Hsia Tao-sheng closed the conversation, which lasted two and one-half hours, with the statement that he was relieved to learn that it was my understanding that no particular group had yet been selected for American support. At the same time he emphasized that time was [Page 507] running short and if anything was to be saved, prompt action must be taken. There was no time to “wait and see” nor to “let the dust settle.” He asked me to remind my Government that the transition of France from the Bourbons to republicanism had required eighty years with many intermediate ups and downs, and that China was now less than forty years along this path.

Coming so shortly after the visit reported in our telegram of August 17, 5:00 p. m. (No. 393) it would appear that more than one political group is hopefully awaiting some move from the United States which it can interpret to its own benefit. I believe that it should be made clear to them why in our opinion the Kmt ultimately failed after so brilliant a start. They should also, I believe, be made to understand that our criticism of the Kmt is not superficial and political but that we believe after bitter experience that it lost its base support and that any other political group without a solid foundation holds no real attraction for us.

One thing that I told Hsia which I find I have failed to include in the above account is that I suspect that the Chinese people as a result of years of military and economic attrition are spiritually, and morally, as well as economically bankrupt, and that before whatever indications of effort to throw off the Communist yoke as may appear can be galvanized into a national movement which will lead them to that national unity and strength, which is their due, there must be formulated a new Chinese philosophy incorporating all the good of the past from the time of Confucius and including much of the principles of Sun Yat-sen but adapted so as to solve the problems of contact and cooperation with the democratic western world. Without some such catalyst, attempts to overthrow Communist domination will be sporadic and futile, and even though superficially successful will be but temporary in nature.

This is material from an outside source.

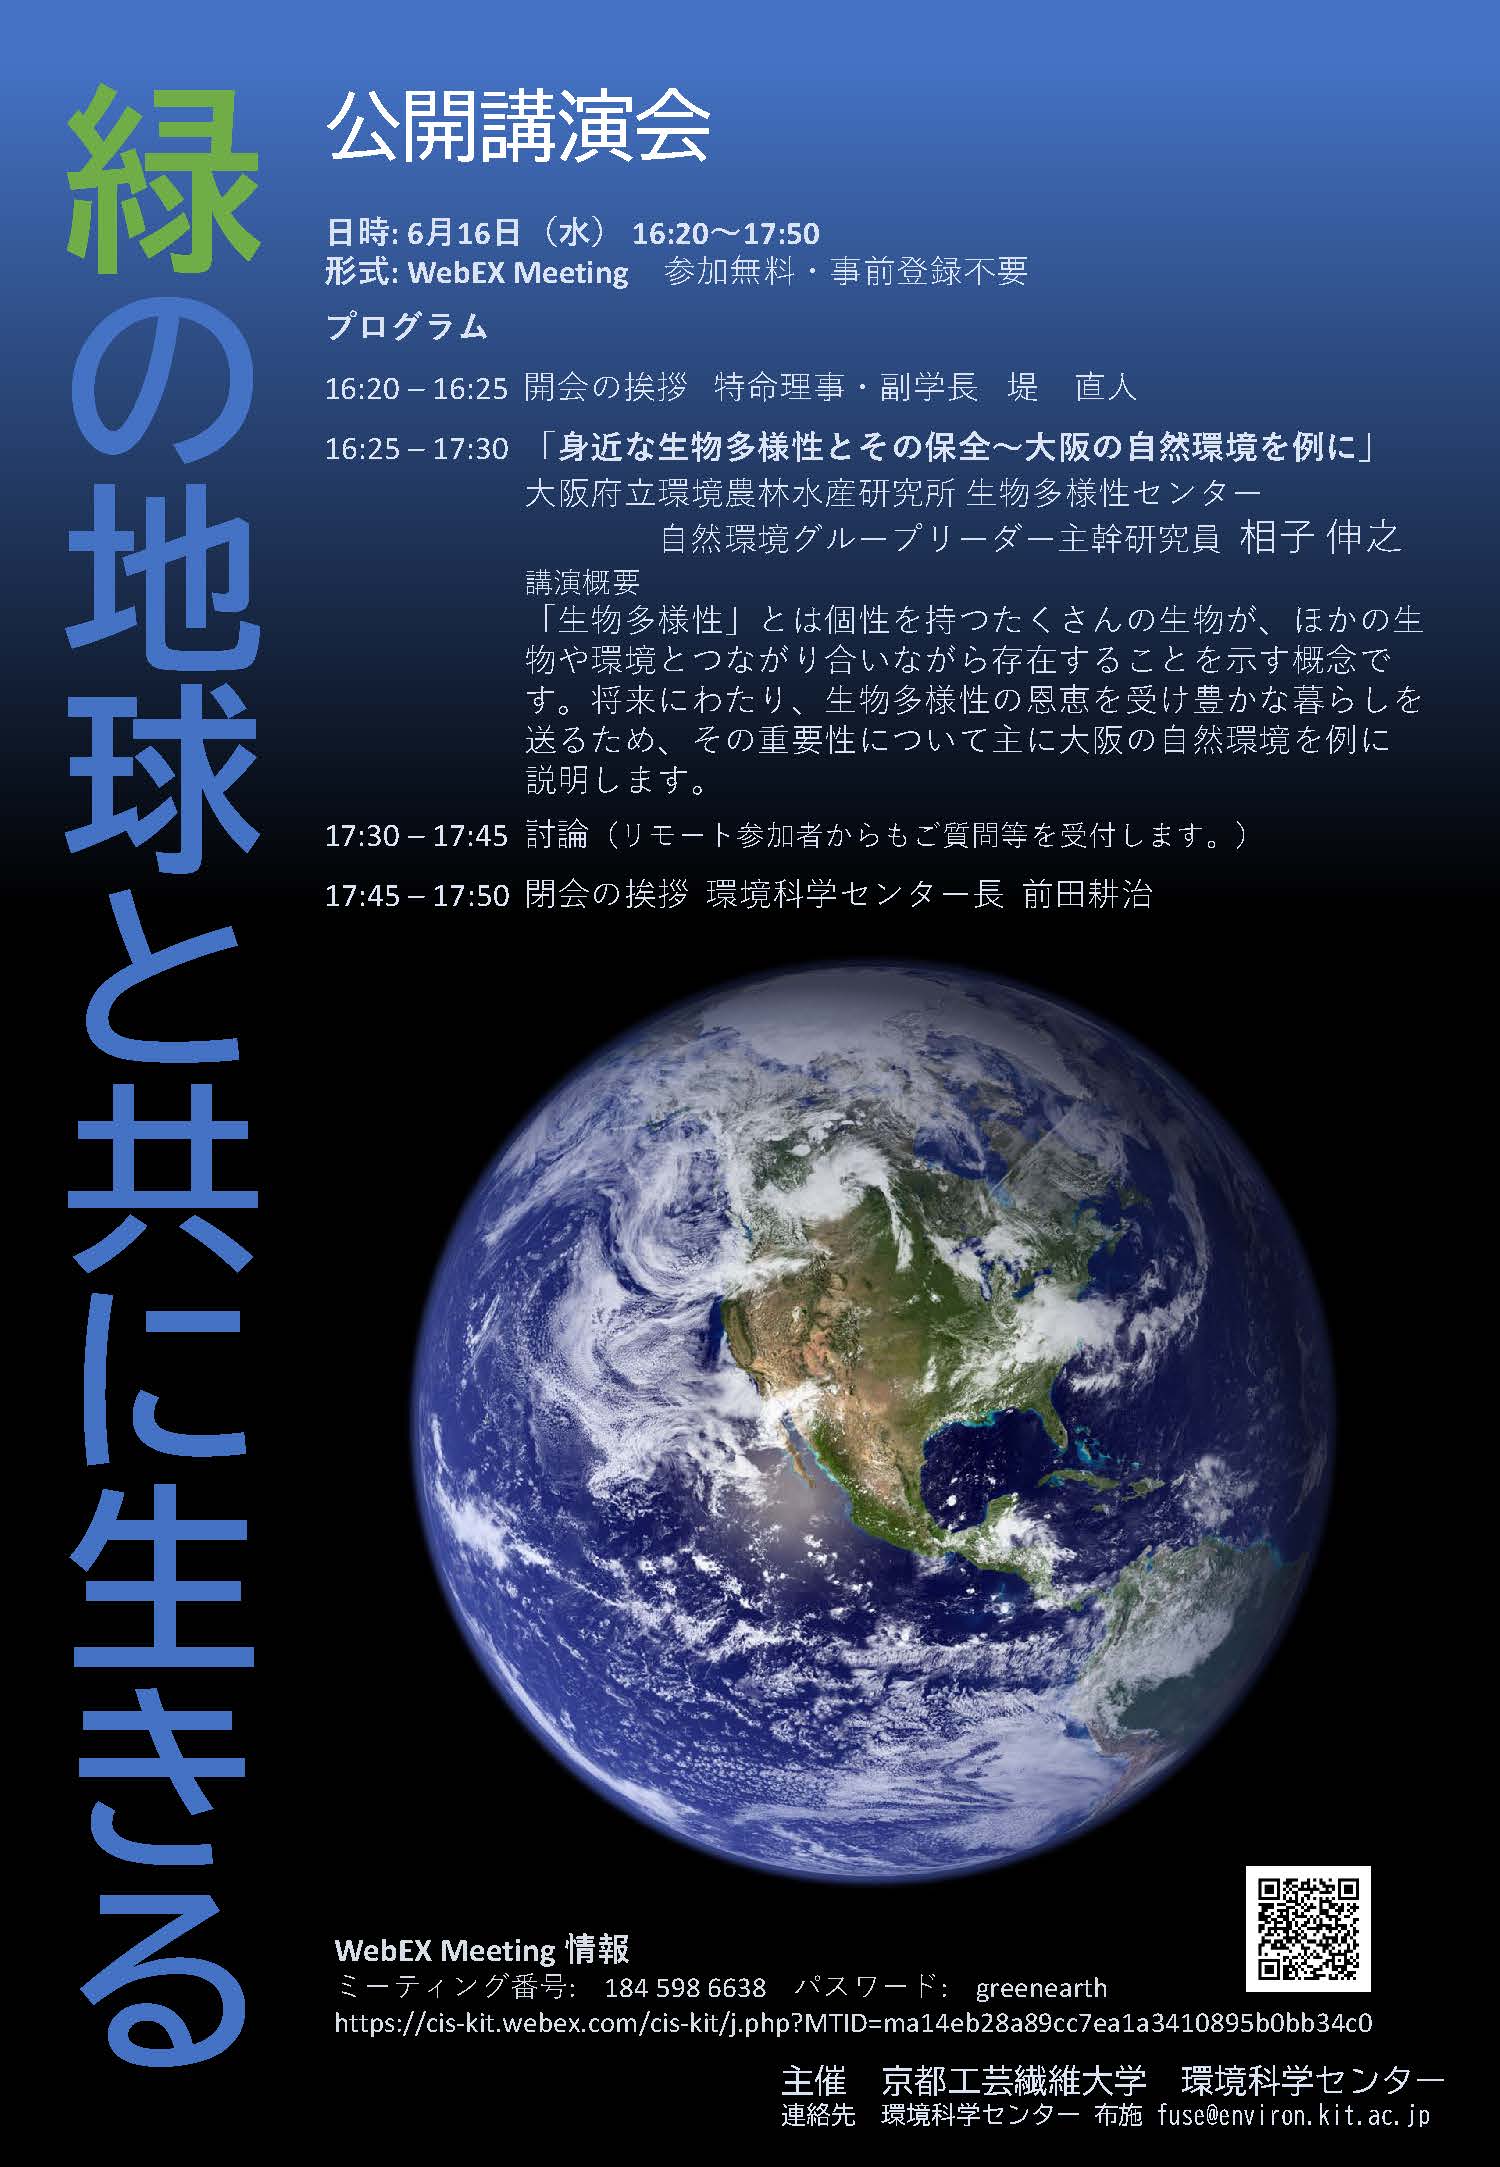 公開講演会 緑の地球と共に生きる 京都工芸繊維大学

Hsia Tao-sheng is also a member of the Legislative Yuan from Anhwei Province.

Respectfully yours,

Donald D. Edgar
  1. Department of State. United States Relations With China (Washington, Government Printing Office, 1949).
  2. United States Information Service.
  3. Kuomintang (Nationalist Party).
  4. See address by President Wilson to the joint session of Congress, January 8, 1918, Foreign Relations, 1918, Supplement I, vol. i, p. 12.
  5. See address by President Roosevelt to Congress, January 6, 1941, Department of State, Peace and War: United States Foreign Policy, 1931–1941 (Washington, Government Printing Office, 1943), p. 608.